Brief — Search the records below for "marwari-candid-wedding-photographers-bangalore-0014.jpg". Return that line and all remaining lines exactly.

*** Extracted entries Section Begins ***

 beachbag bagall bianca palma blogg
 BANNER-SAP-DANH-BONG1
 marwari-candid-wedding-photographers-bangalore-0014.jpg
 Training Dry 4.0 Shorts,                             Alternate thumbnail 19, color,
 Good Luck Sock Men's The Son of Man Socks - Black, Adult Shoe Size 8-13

*** Extracted entries Section Ends ***

Exercise response —
 marwari-candid-wedding-photographers-bangalore-0014.jpg
 Training Dry 4.0 Shorts,                             Alternate thumbnail 19, color,
 Good Luck Sock Men's The Son of Man Socks - Black, Adult Shoe Size 8-13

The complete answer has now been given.